> [DATASET EXTRACT]
──────────────────────────────

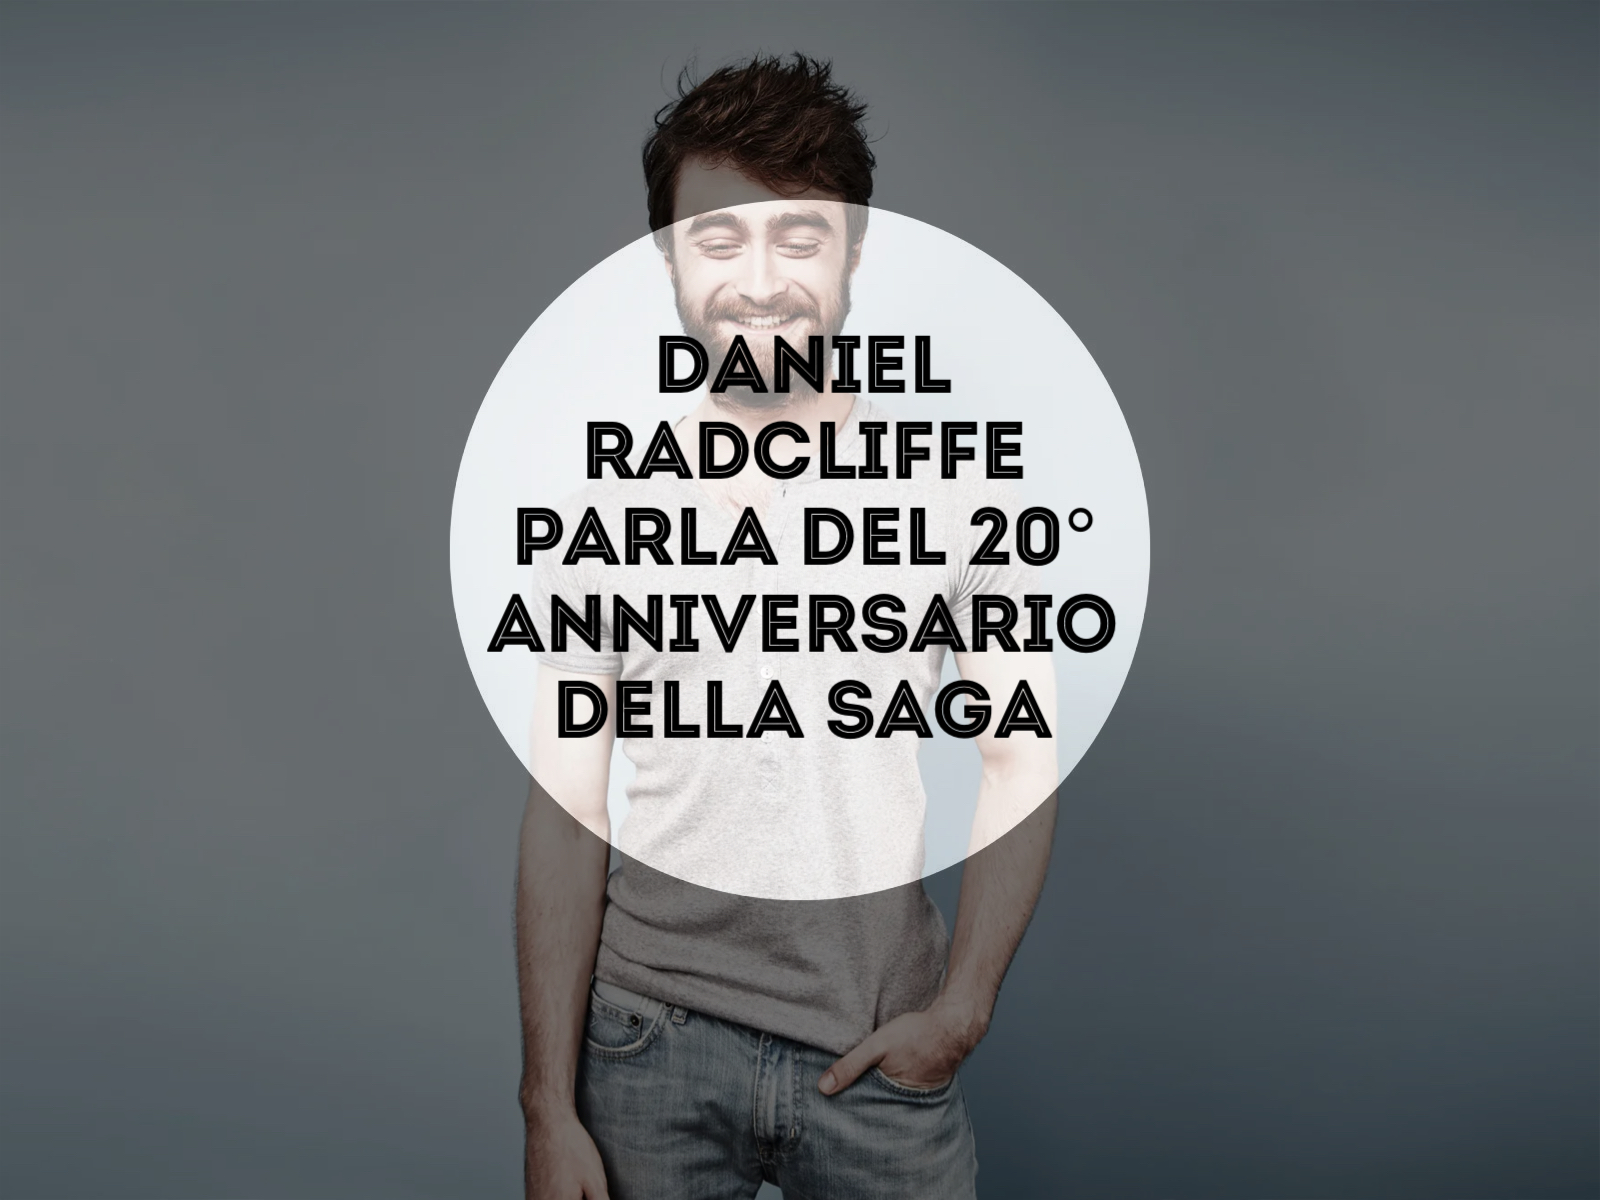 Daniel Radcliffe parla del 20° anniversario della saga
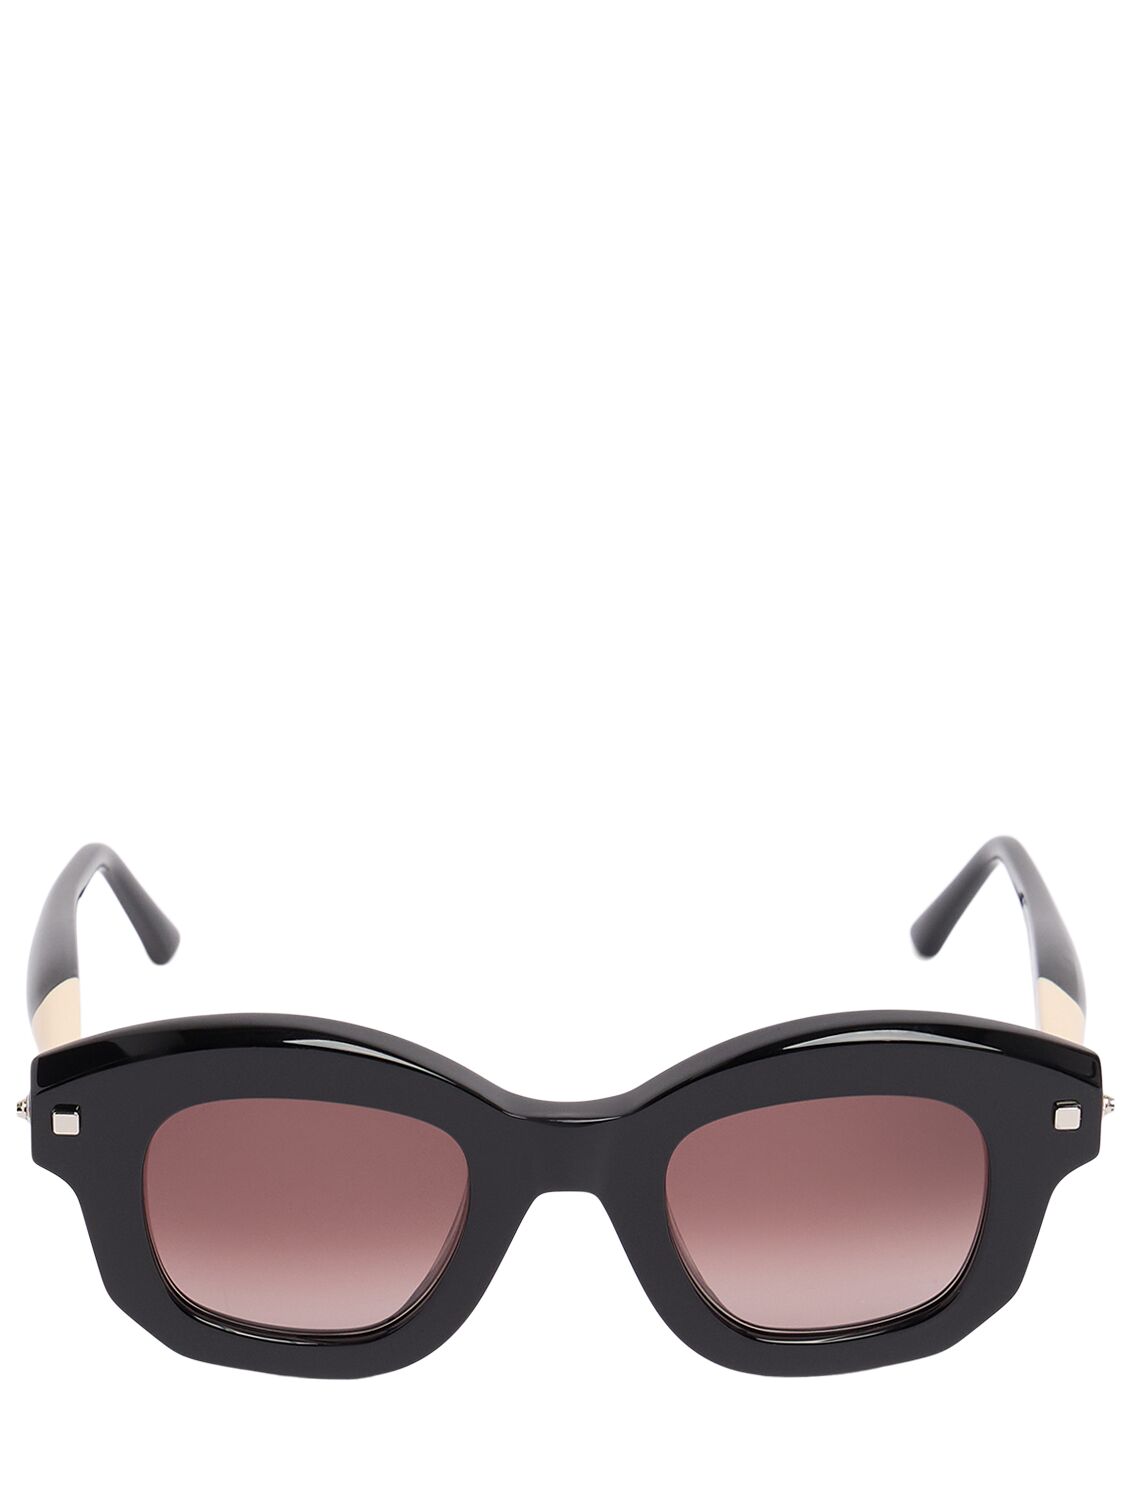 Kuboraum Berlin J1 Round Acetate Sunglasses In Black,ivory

──────────────────────────────

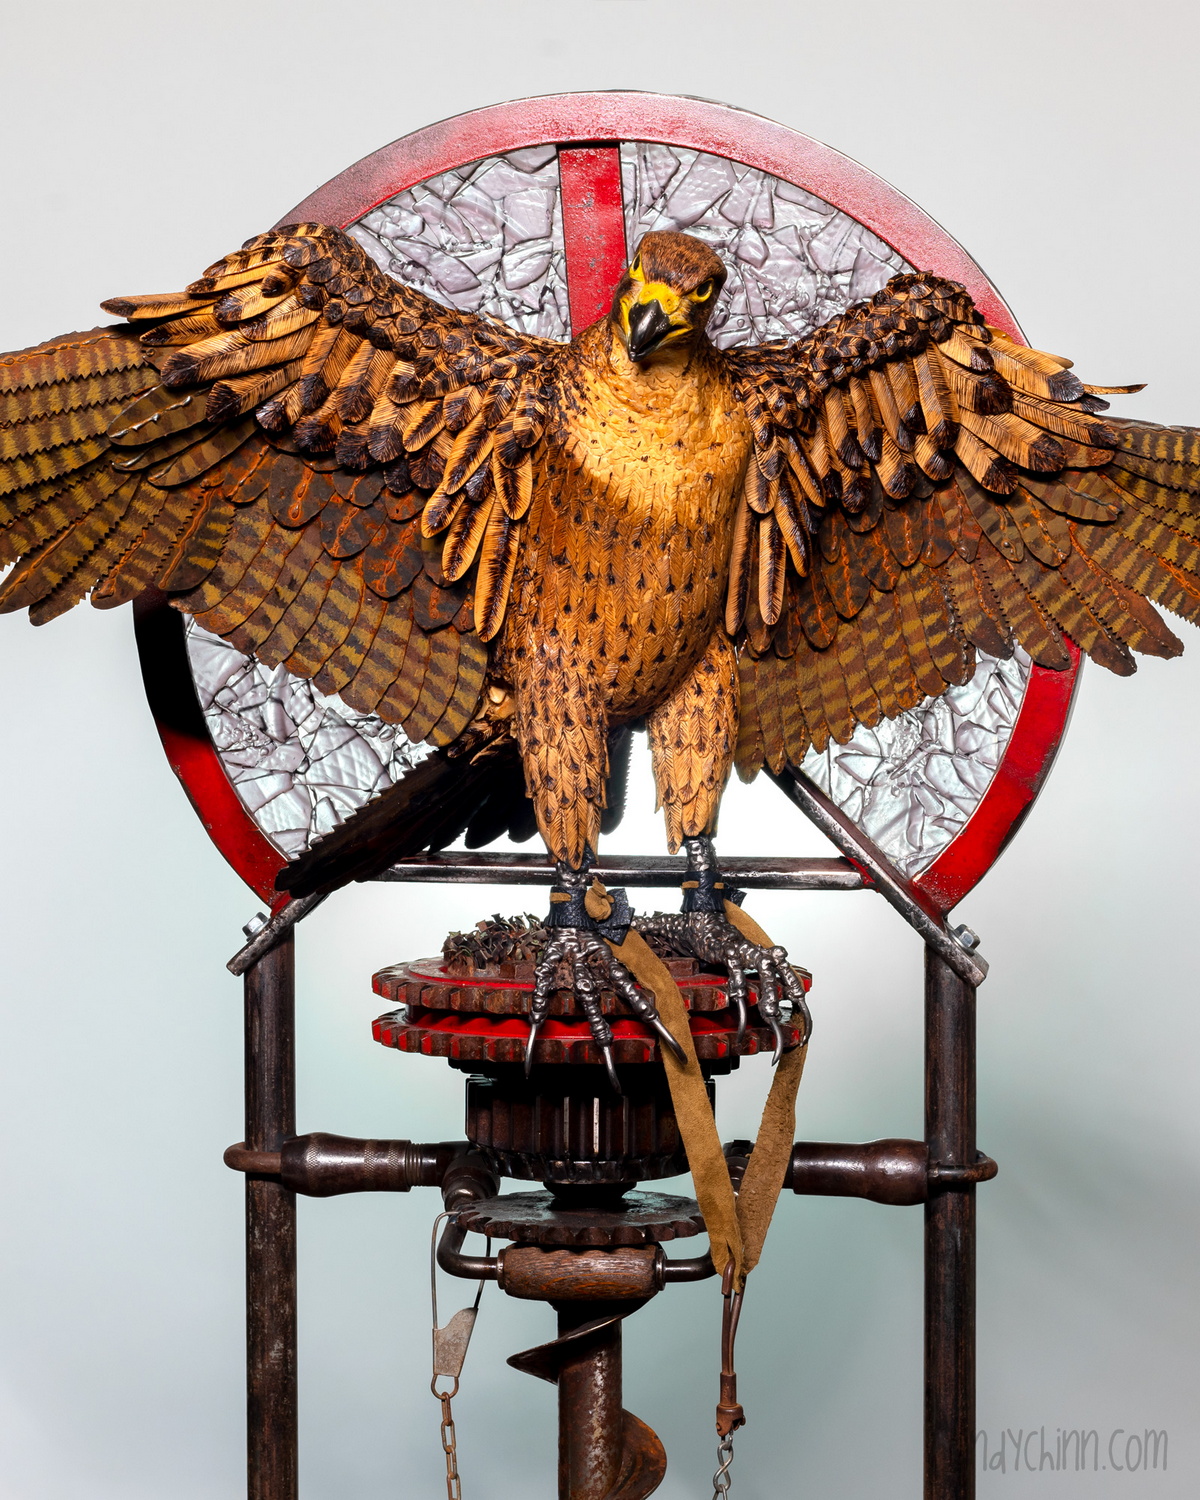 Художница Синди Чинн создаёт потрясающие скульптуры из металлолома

──────────────────────────────

> [WHAT TO DO]
What is needed is an exact copy of the lines above, from the one holding "Daniel Radcliffe parla" down to the one holding "Kuboraum Berlin J1", with those two included and the pictures left out.

> [RESULT FOR THIS TASK]
 Daniel Radcliffe parla del 20° anniversario della saga
 Kuboraum Berlin J1 Round Acetate Sunglasses In Black,ivory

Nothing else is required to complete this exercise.